僕は“アニメの楽しみ方”は、もう“1人で楽しむ”ものではないと思っています。アニメは放送開始後、その感想をTwitterで書き込んだり、学校で友達と話をしたり、共有体験をニコニコ動画のコメントという形で感じたりと“皆で楽しむもの”へと変化してきていると思います。
かつて『セカイ系とは何か』のなかで前島賢がモンスターハンターなどのコミュニケーションが主体のゲームを挙げ、物語(ゲーム内のストーリー重視)からコミュニケーション(対面通信や協力プレイ)重視への移行という問題提起をしていたが、シンデレラガールズではその両立をアニメで行おうと考えているのだと思われます。
そういった狙いがあるからこそ、アニメ視聴を通したコミュニケーションを増進させるためにある程度の謎を残しているのではないか、というのが②の主張なのです。
実際にはわからない、というのがある種不満点として挙げられているため悪影響にもなってはいるんだけれど、他方で着実にツイッターやその他媒体で考察がされていたり実況がされていたりと盛り上がっているのは確かですしね。統計的データとかはありませんががが。

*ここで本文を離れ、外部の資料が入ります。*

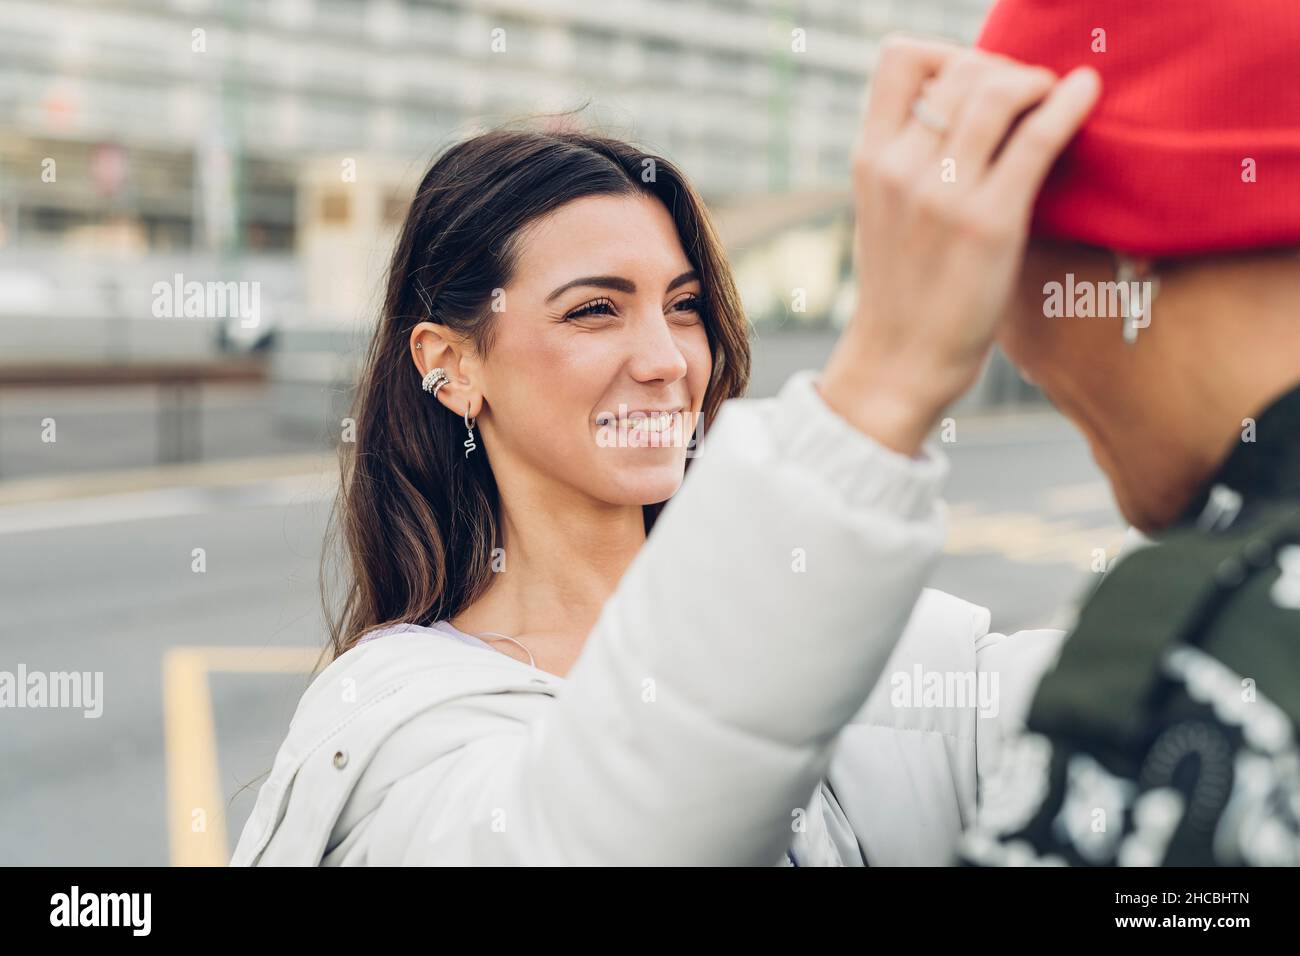 Smiling woman adjusting boyfriend's knit hat Stock Photo

そして、その謎の作品で一番大きな部分が、島村卯月というある意味では主人公(とはいえ全員主役が2ndシーズンのテーマではあるのだが)の心情であるのではないでしょうか。
……とはいえ、実は最後までわからない謎もあるんじゃないかという疑念も確かにあるわけですが、①で挙げたインタビューで
──その点では、先ほどのお話のとおり『シンデレラガールズ』には少女マンガのような繊細さを感じますね。
鳥羽:高雄監督は女の子のキャラクター描写に対して、ものすごく練り込まれる人で、その子の思考とか結論に至るプロセスを理解して消化しないと描かれないんですよ。そのぶん時間はかかりますが、できあがったものに対する説得力はどのフィルムよりも強いですね。
こういったやりとりがある通り、少なくとも島村卯月の心情に関してはきちんと練り込まれているし、きちんと物語として示してくれるのではないかと私は思っています。
おわりに
結論としてははじめにで言った通り、みんなどうなるか考えていこうな! という感じです。
②で言った通り、謎は提示されており、そしておそらく答えも出るでしょうから、考察でも感想でも実況でもなんでもいいからやるといいんじゃないかしら、と。少しでもデレマスひいてはアイマスが盛り上がればいいなと一ファンとしては思います。